On the Experience of Seeing “W”

I went to a press screening of W, Oliver Stone’s new George W. Bush biopic, last night in L.A. I do not want to say too much about the film itself or my assessment of it yet, but you can read my review on Christianity Today‘s movies website on Friday.

I will say that it was one of the most interesting movie-going experiences I’ve had in a long time. The theater was completely full, both with press and average filmgoers. Leonard Maltin was sitting a few rows ahead of me, which was cool. Typical of a West L.A. arthouse movie audience, the crowd was largely partisan towards the left. The first time Dubya (Josh Brolin) showed up on screen, the crowd roared with laughter.

It was a strange atmosphere, though, because I got the sense that this crowd expected Oliver Stone to really destroy George W. Bush–to offer the definitive demonizing portrayal that so many Bush-haters have longed for. They didn’t get that, and yet they got a really amazing, complicated film. The crowd didn’t know what to do with it. It reminded me of films where the audience forces itself to laugh–and laughs overly loud at the truly funny moments because that’s what they thought they signed up for.
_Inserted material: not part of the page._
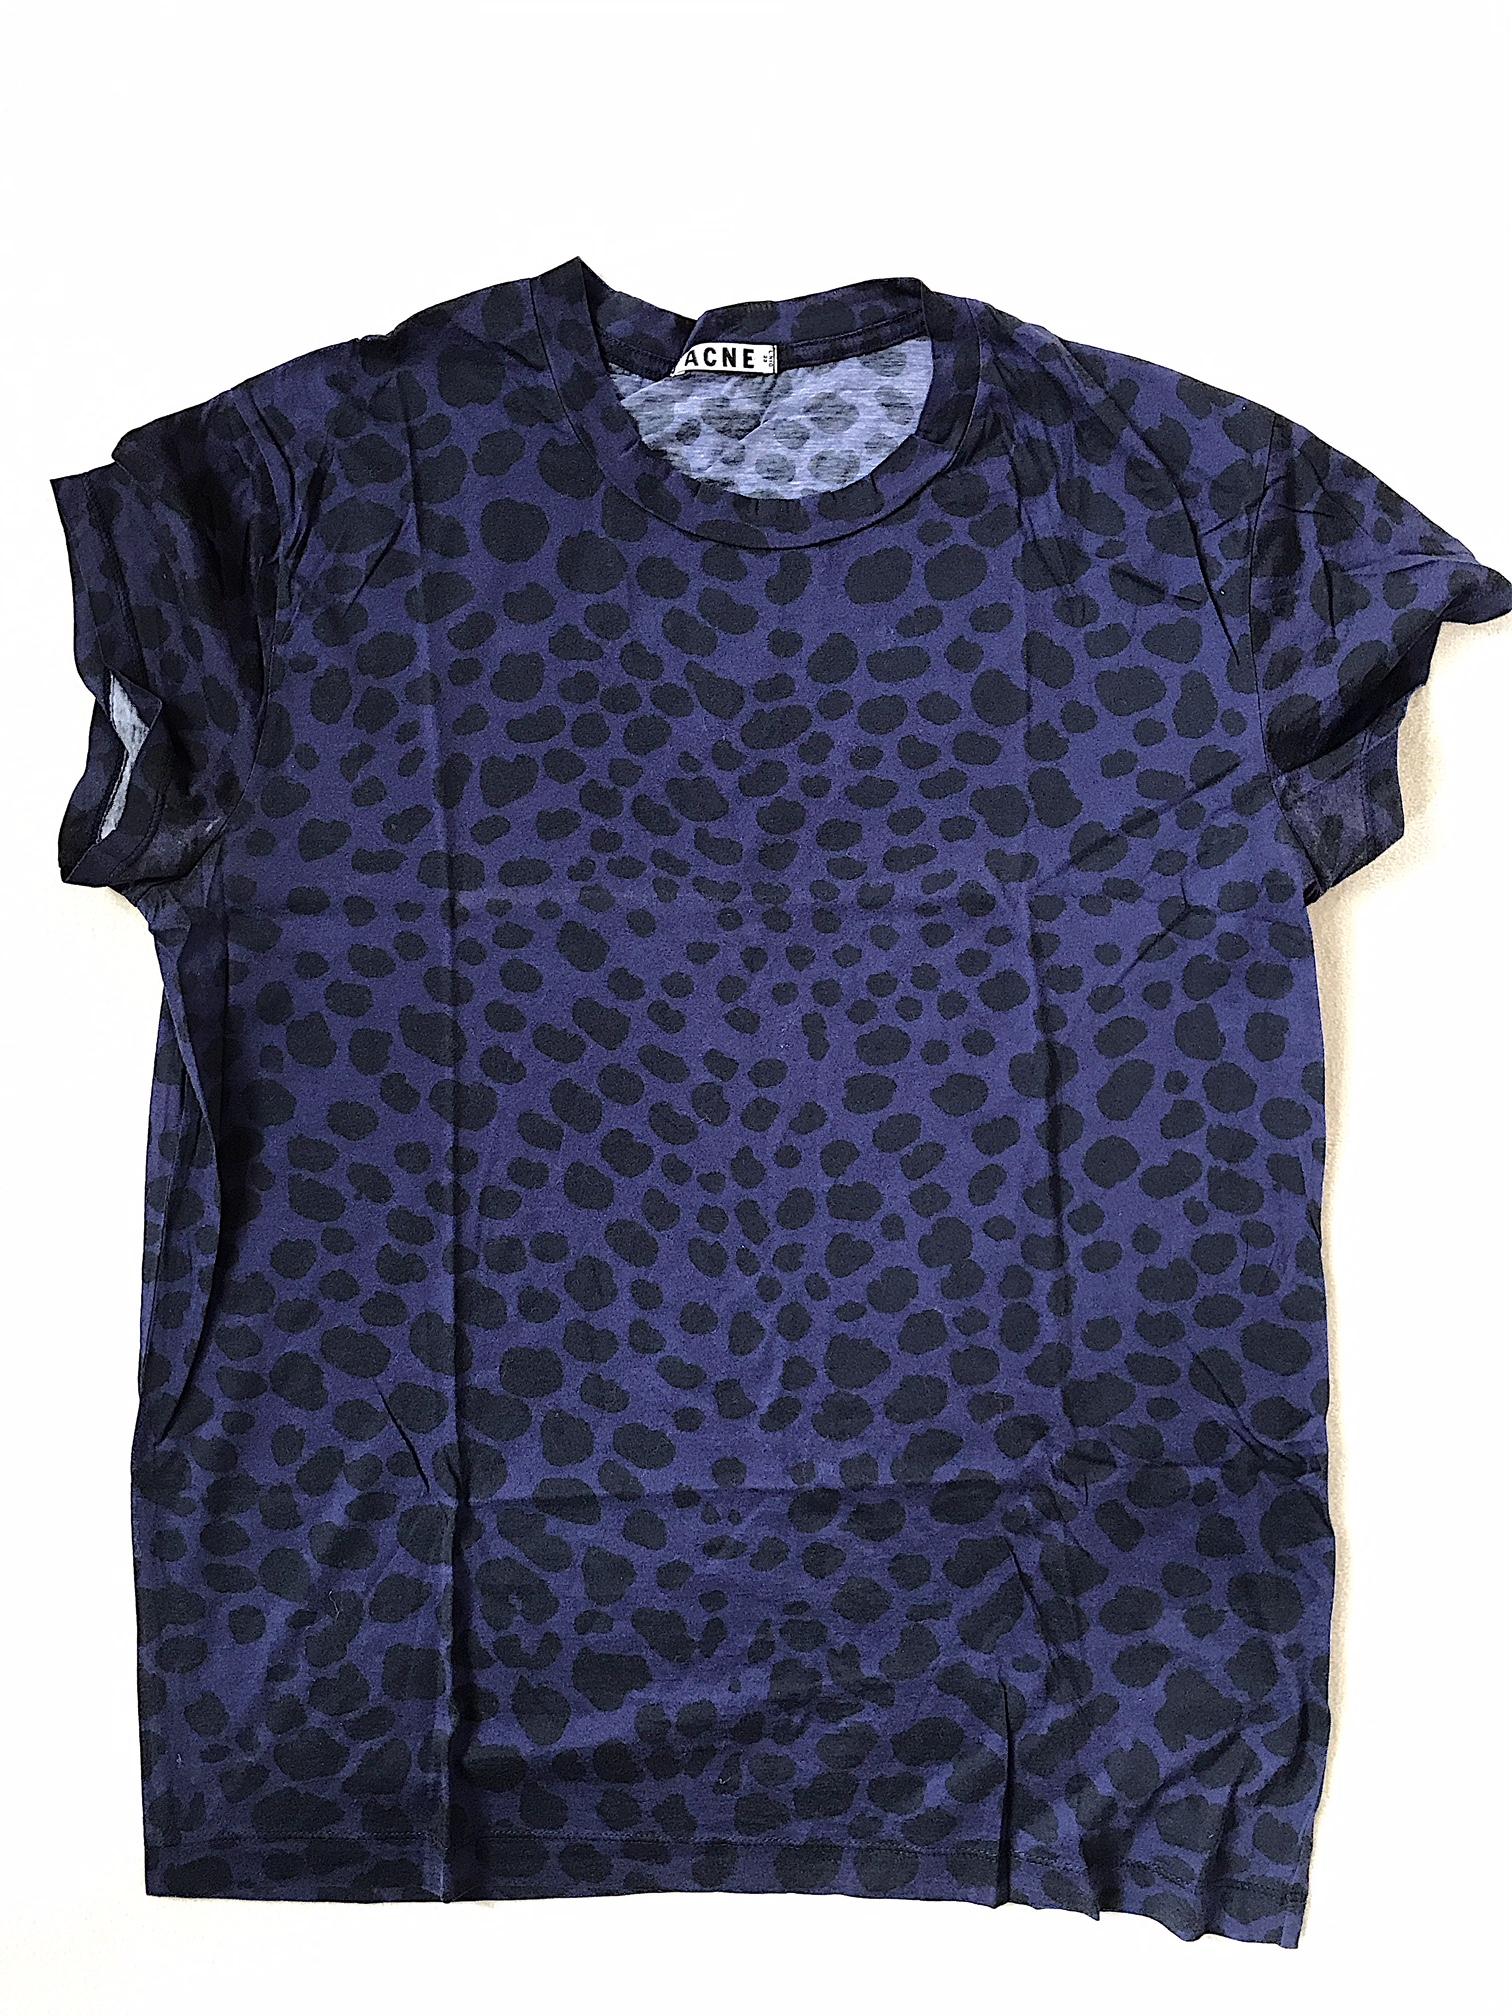 951c2dfad5d7 Black Leopard Print T Shirts « Alzheimer's Network of Oregon
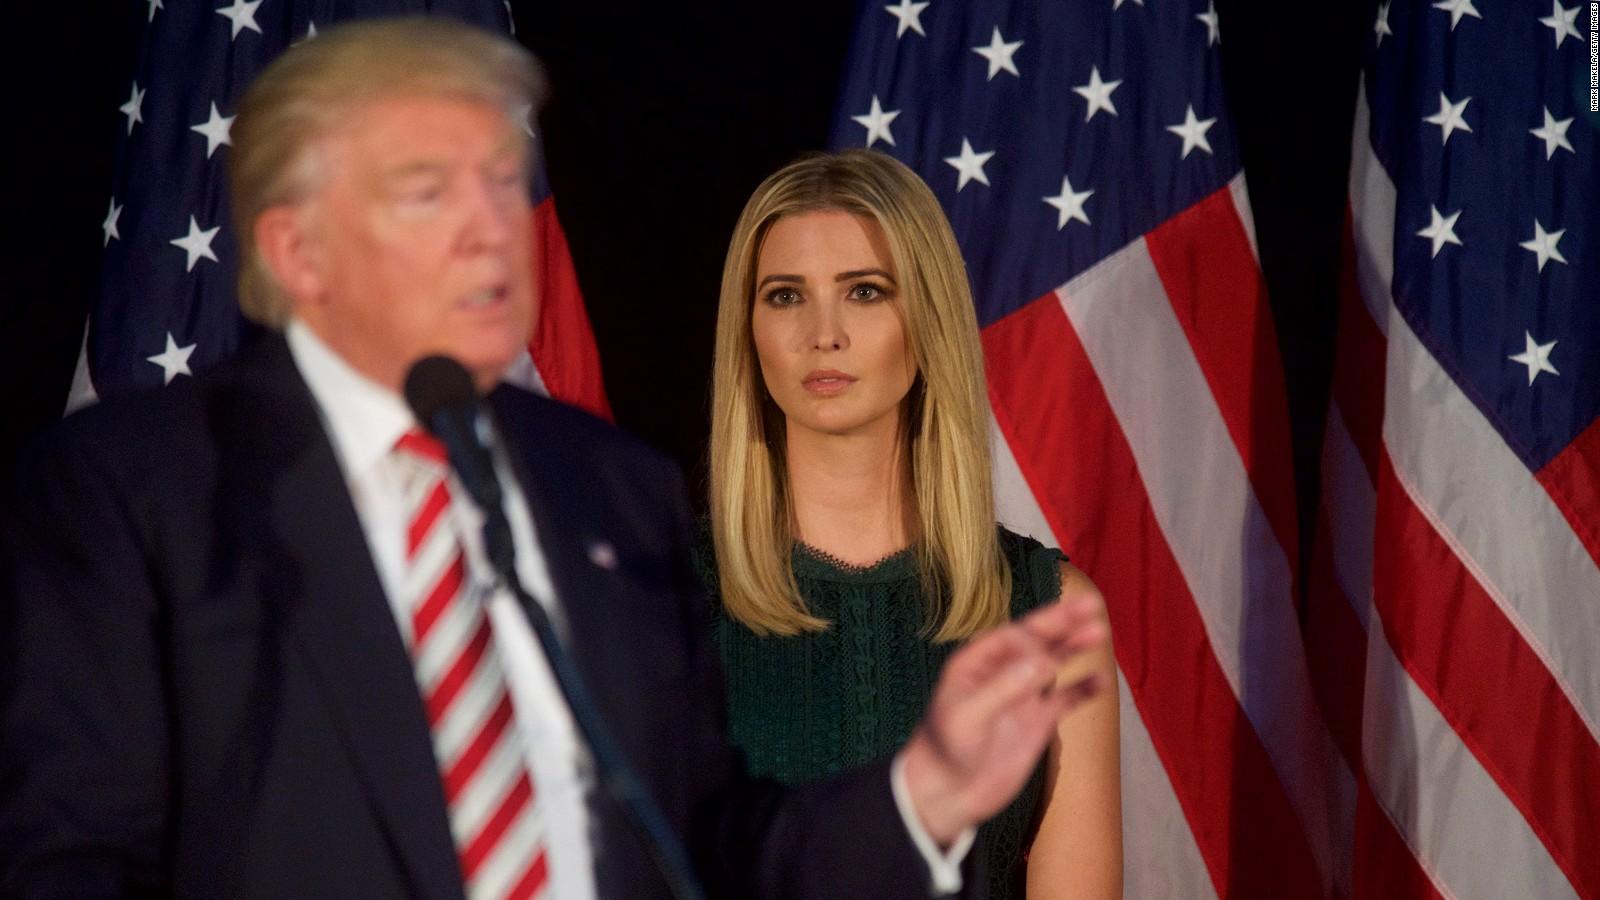 Exclusive FBI Counterintel Looks At Ivanka Trump Business Deal

In any case, there were a few notable reactions from audience members when the final credits rolled. A few people booed, Leonard Maltin sat mesmerized, and the guy behind me said “I never thought I’d say this, but I was actually charmed by George W. Bush.”

For me, it was a strangely therapeutic experience. But I’ll go in to that in my full review on Friday.

In the meantime, check out my new commentary on election year films, published yesterday on CT.

6 responses to “On the Experience of Seeing “W”

  1. Interesting… I may change my mind about seeing the movie now.

  2. As a typically partisan lefty, I didn’t want to see this just because I can’t stand Oliver Stone.

  3. Also, re: your commentary on election-year films, how does Primary Colors classify simply as a film ‘about elections’? It’s as much about Bill Clinton as W is about George W. Bush— only the names have been changed to protect the innocent.

  4. Intriguing, I’m glad the movie is not a complete laugh fest. That’s what The Daily Show and SNL are for. Tina Fey’s Sarah Palin impression is LOL funny.

  5. Why does your review refer to JFK as a biopic?

  6. “The Architect” is portrayed here as a surreptitious, Blackberry-dependent, behind-the-curtain wizard with no conscience but an unstoppable political will. Who knows, though. Maybe that’s accurate.

    Say someone made a film that showed Hillary Clinton with a lesbian lover. Would you say, “Who knows, though. Maybe that’s accurate”? I’m sure that Rove isn’t YOUR kind of Christian, but I have no more reason to believe that he has “no conscience” than I have reason to believe that David Axelrod has no conscience.

    Loved your observation that “the Bushes are real people.” Profound. Many who read your review will be surprised.